Problem to solve => Make an exact copy of the listing, without images.

** Dataset extract follows **

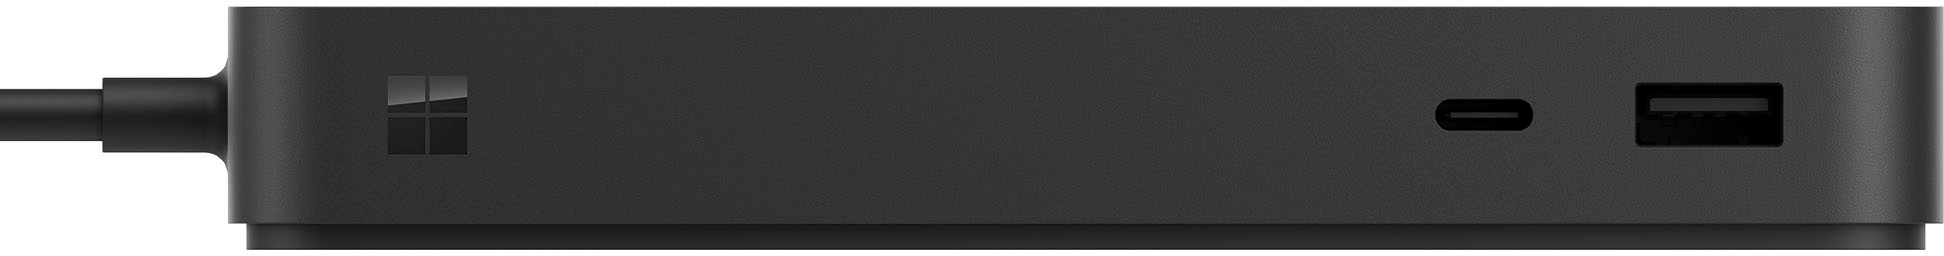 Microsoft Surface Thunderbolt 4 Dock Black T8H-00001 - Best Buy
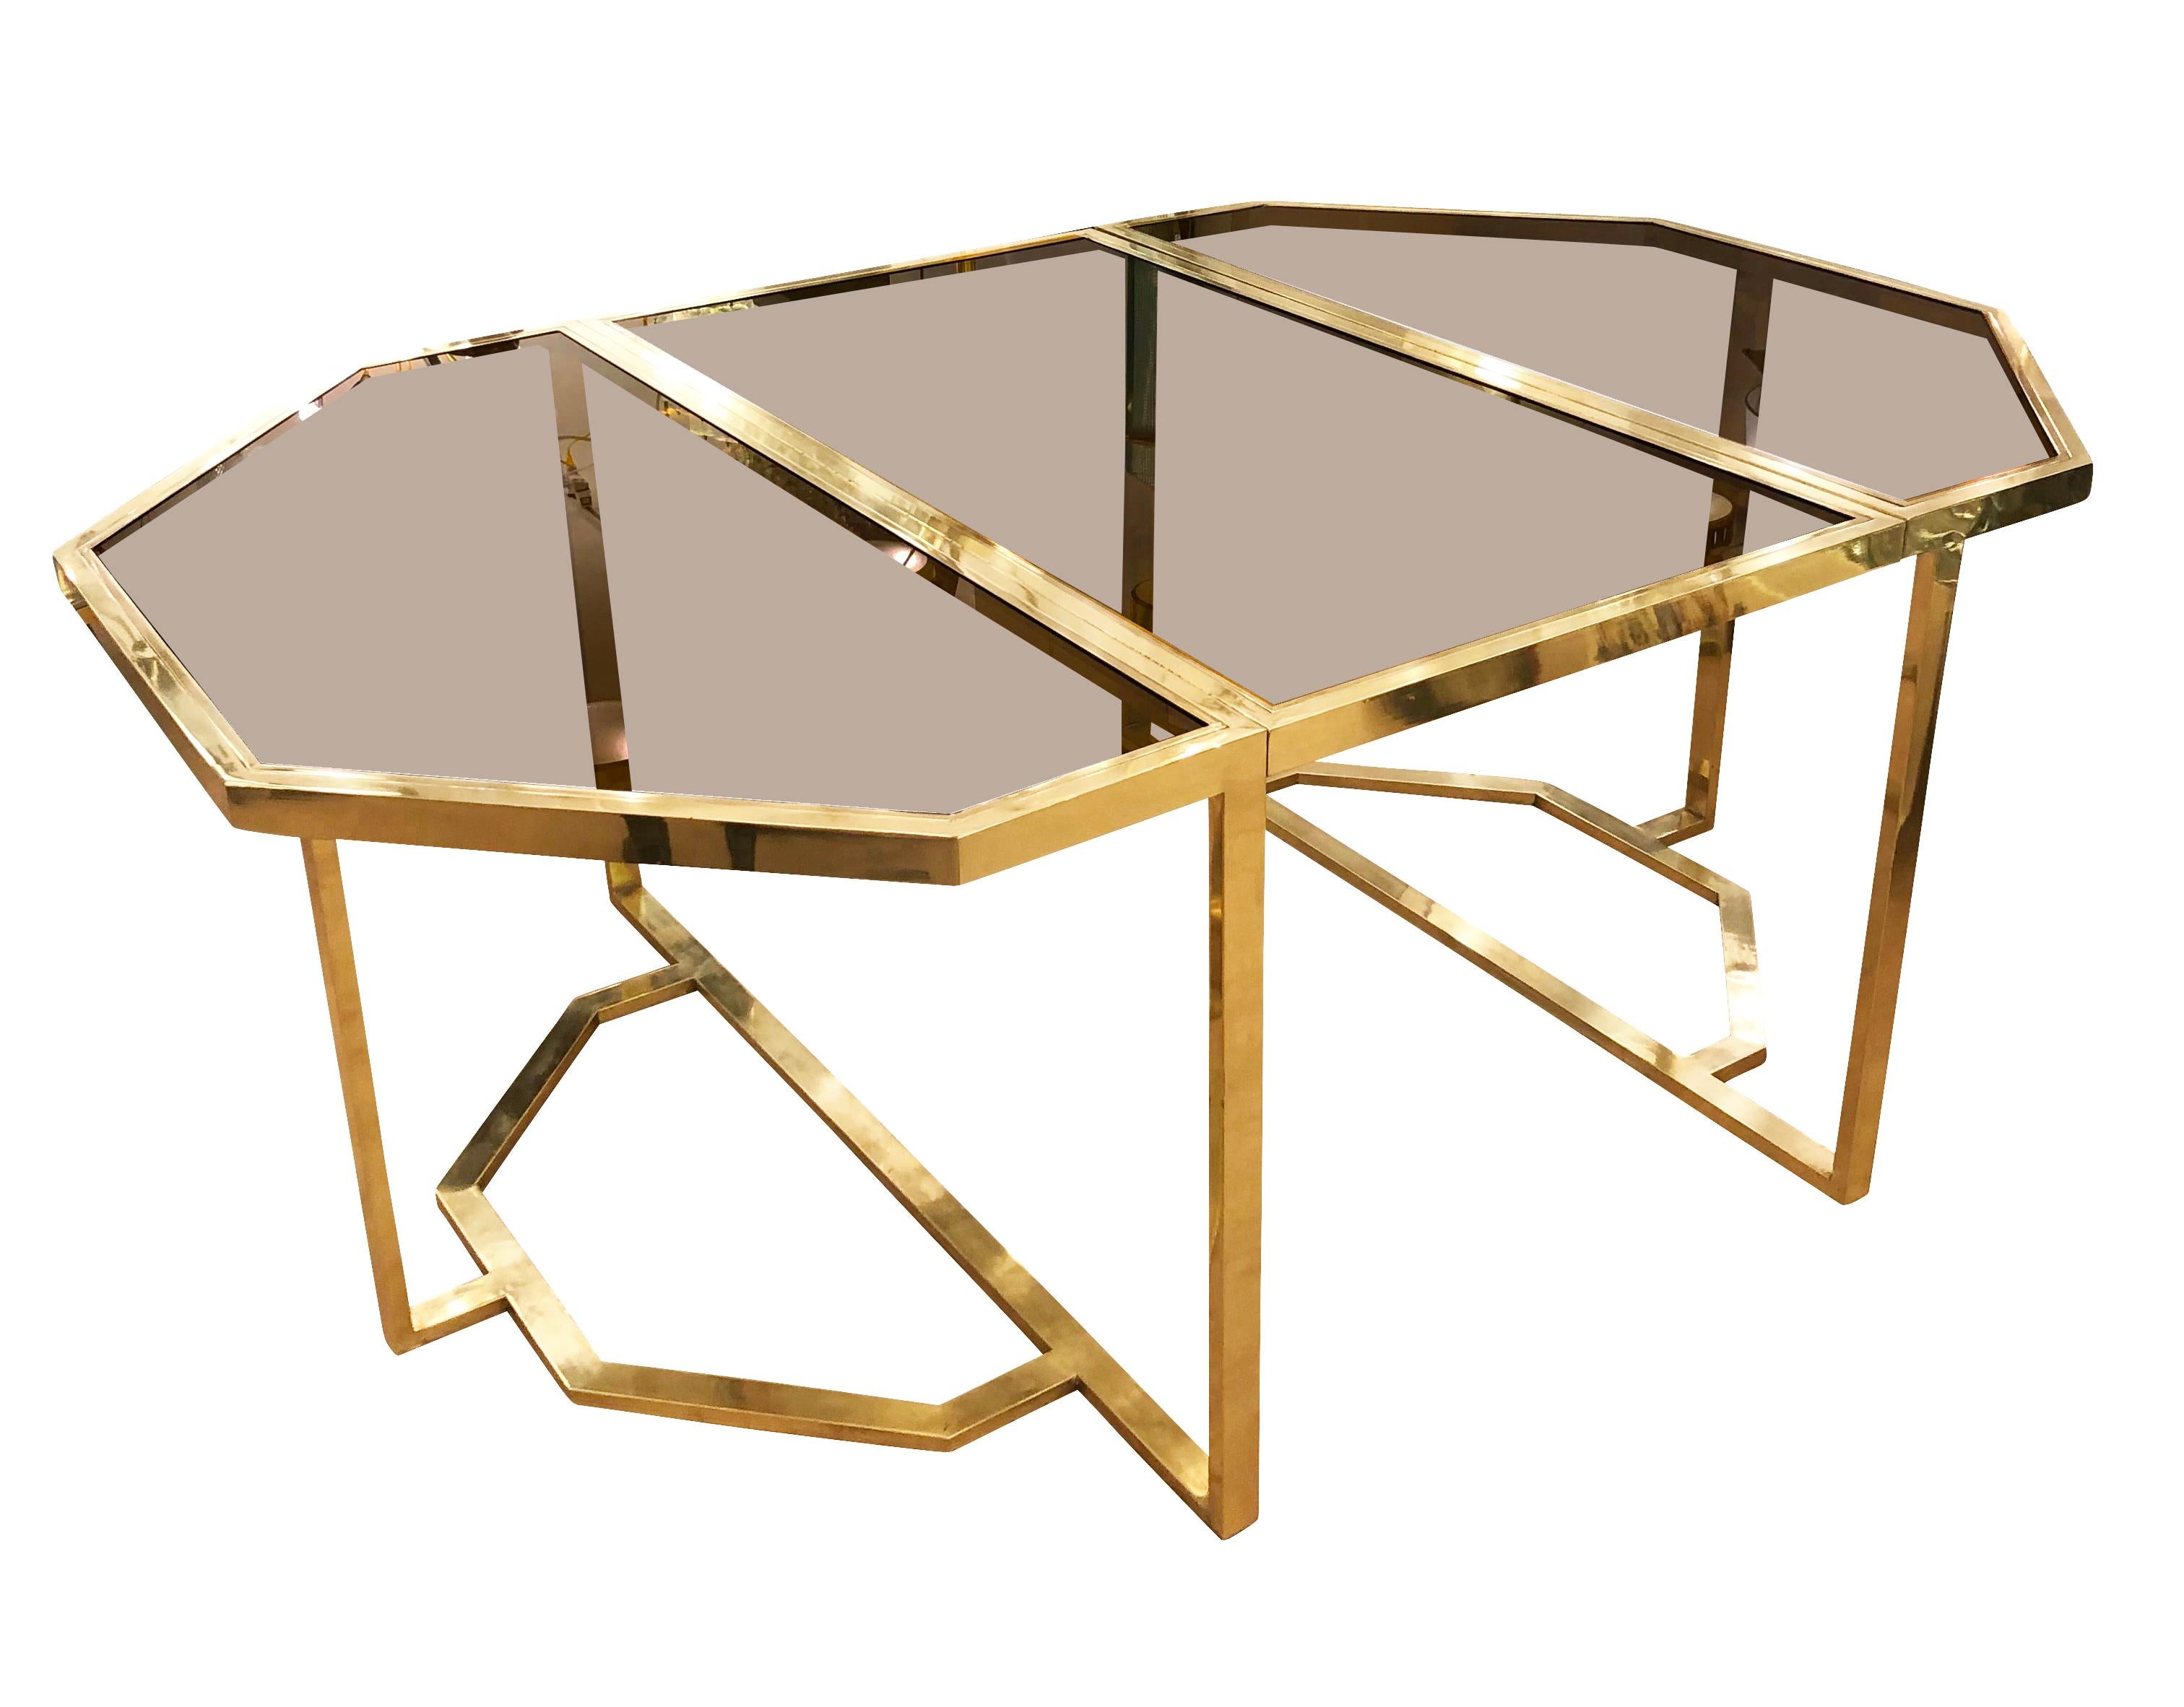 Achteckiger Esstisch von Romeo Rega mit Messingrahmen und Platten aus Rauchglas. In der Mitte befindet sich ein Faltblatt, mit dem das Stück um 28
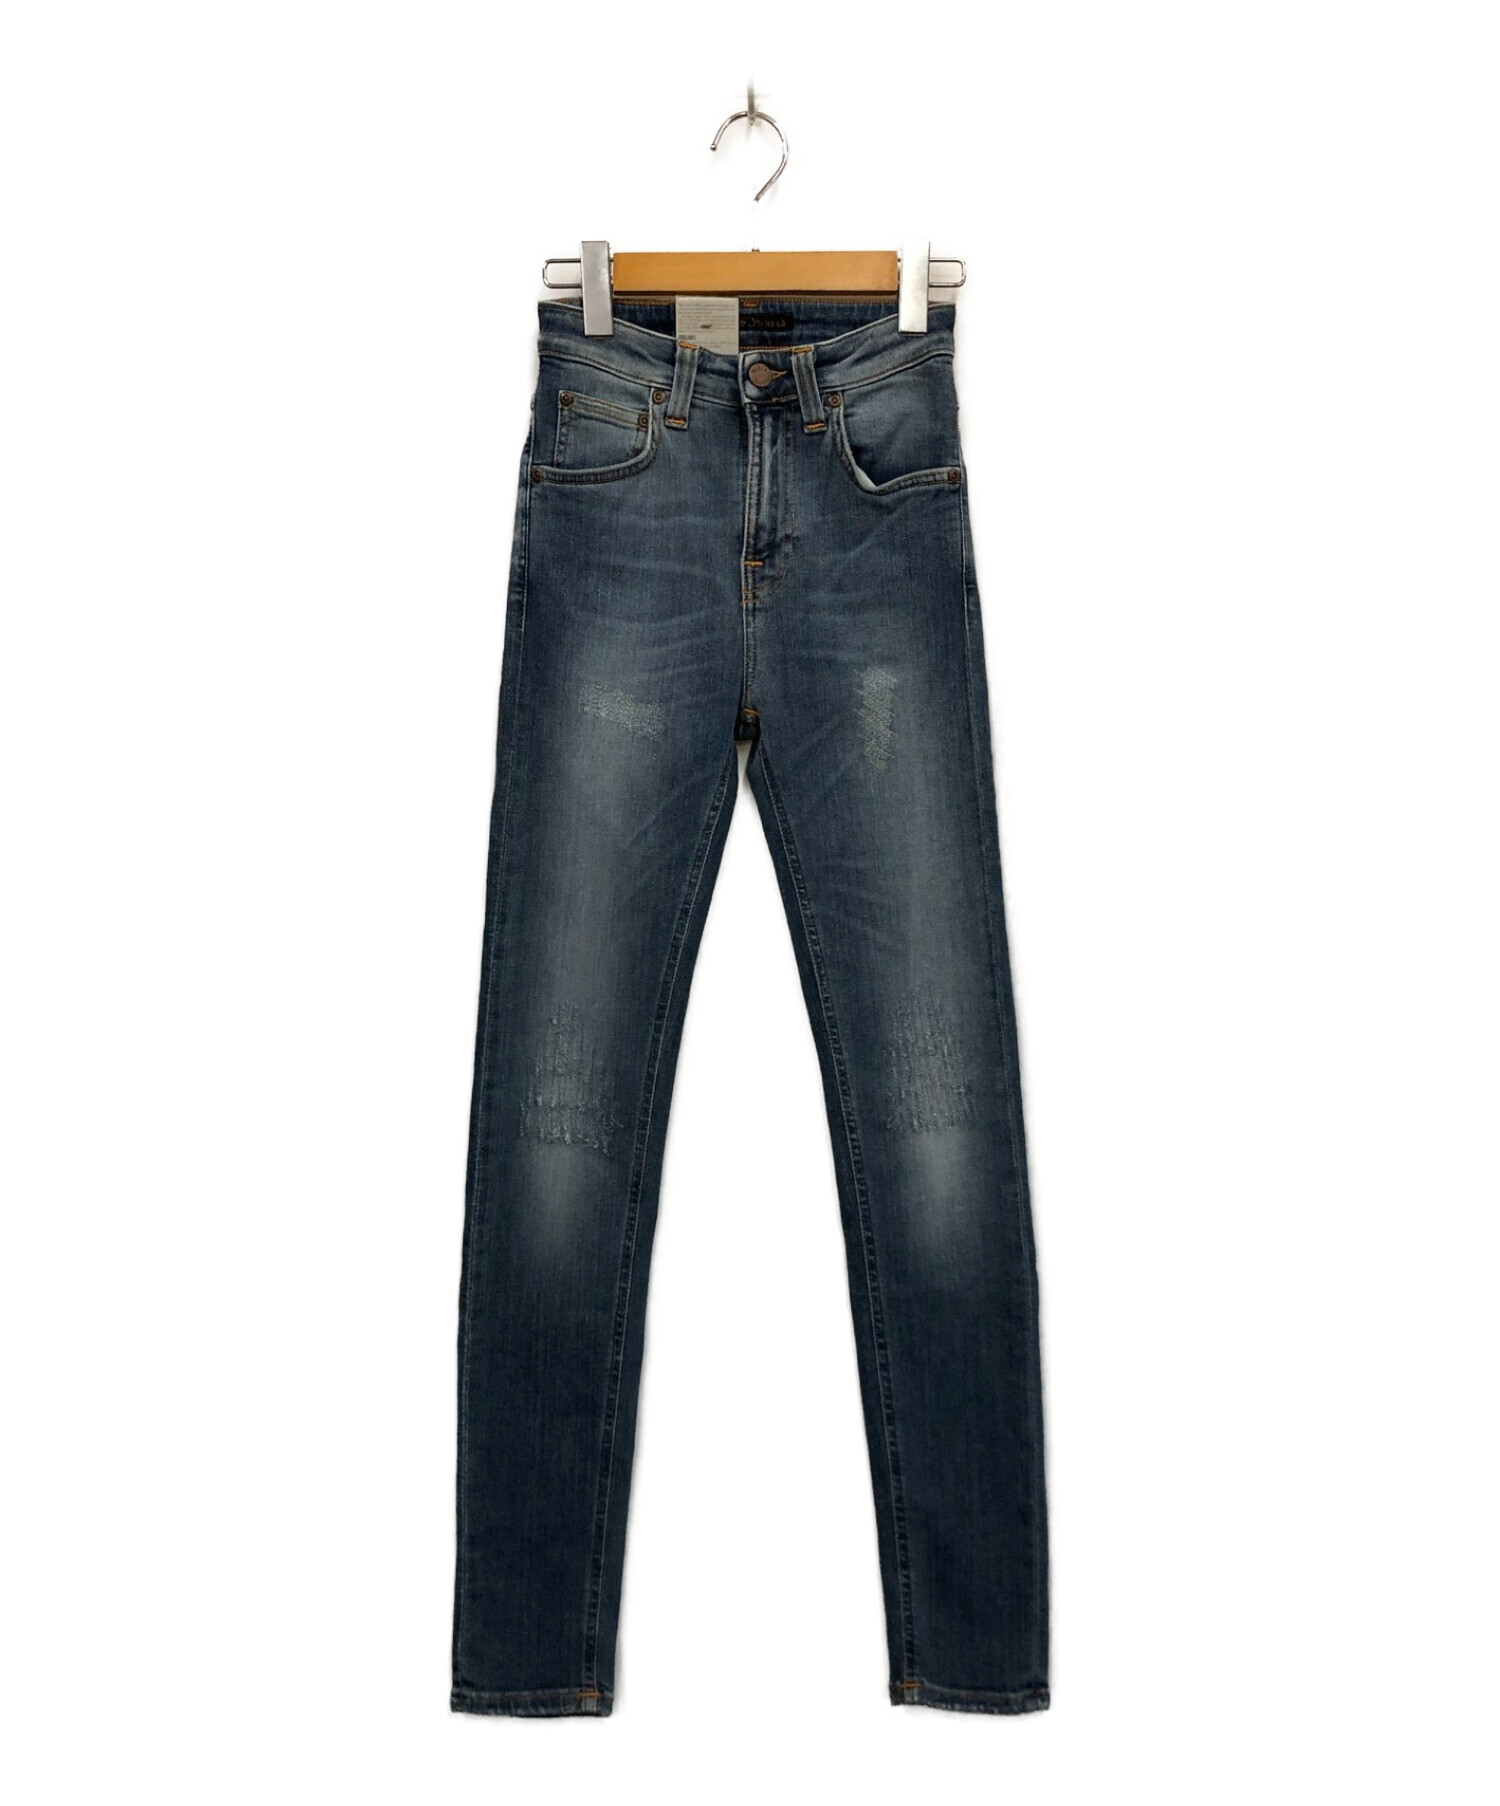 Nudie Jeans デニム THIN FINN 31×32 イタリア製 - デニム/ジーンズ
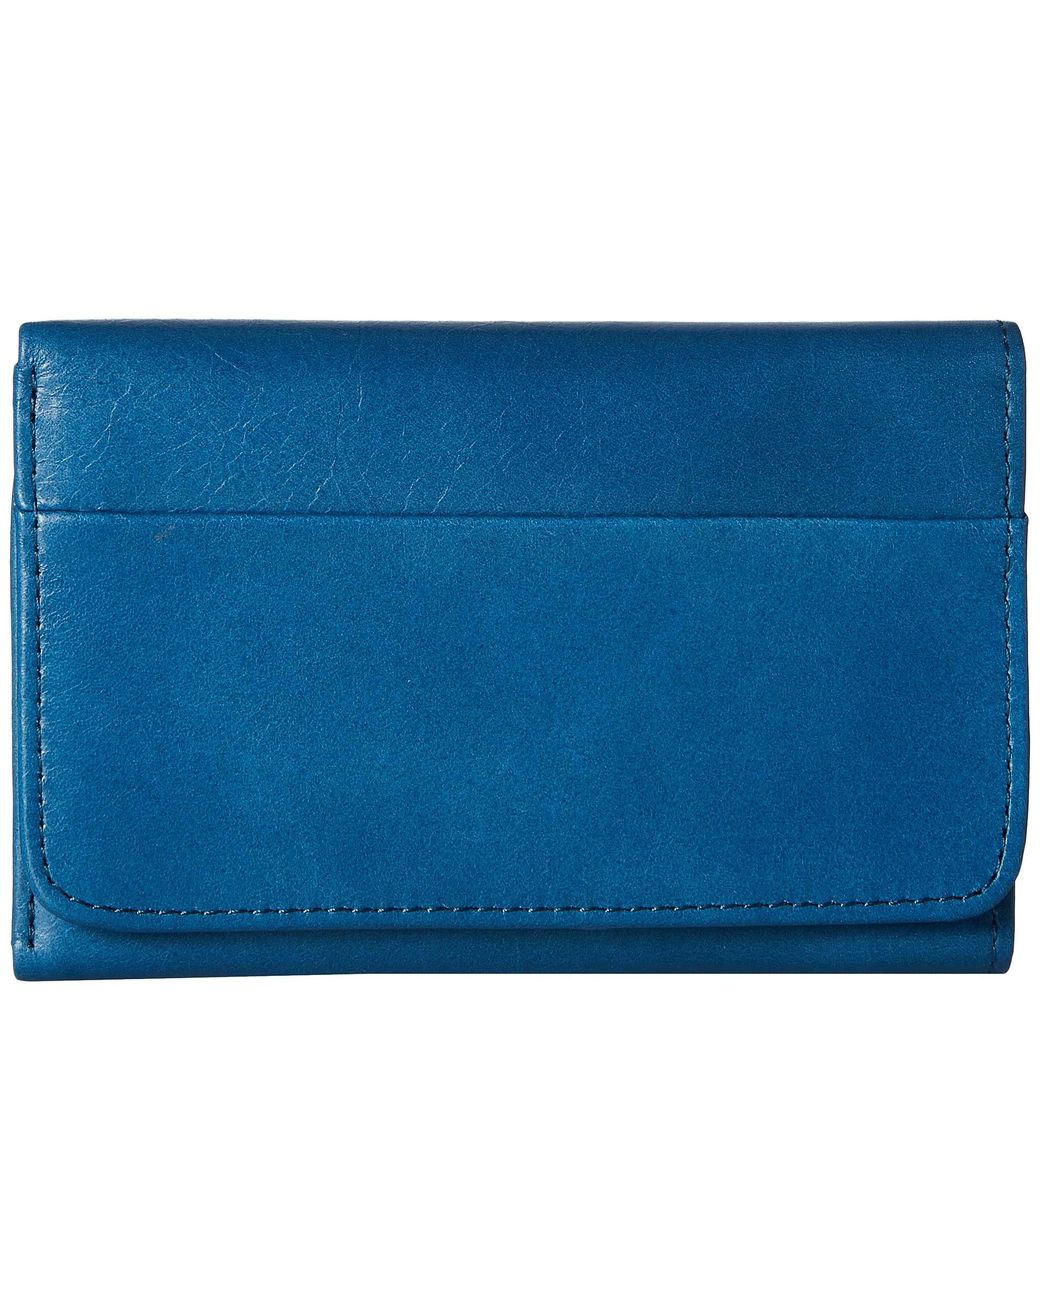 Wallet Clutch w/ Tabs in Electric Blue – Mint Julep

** End of Dataset extract **

Reply to the task =>
 Microsoft Surface Thunderbolt 4 Dock Black T8H-00001 - Best Buy
 Achteckiger Esstisch von Romeo Rega mit Messingrahmen und Platten aus Rauchglas. In der Mitte befindet sich ein Faltblatt, mit dem das Stück um 28
 Nudie Jeans デニム THIN FINN 31×32 イタリア製 - デニム/ジーンズ
 Wallet Clutch w/ Tabs in Electric Blue – Mint Julep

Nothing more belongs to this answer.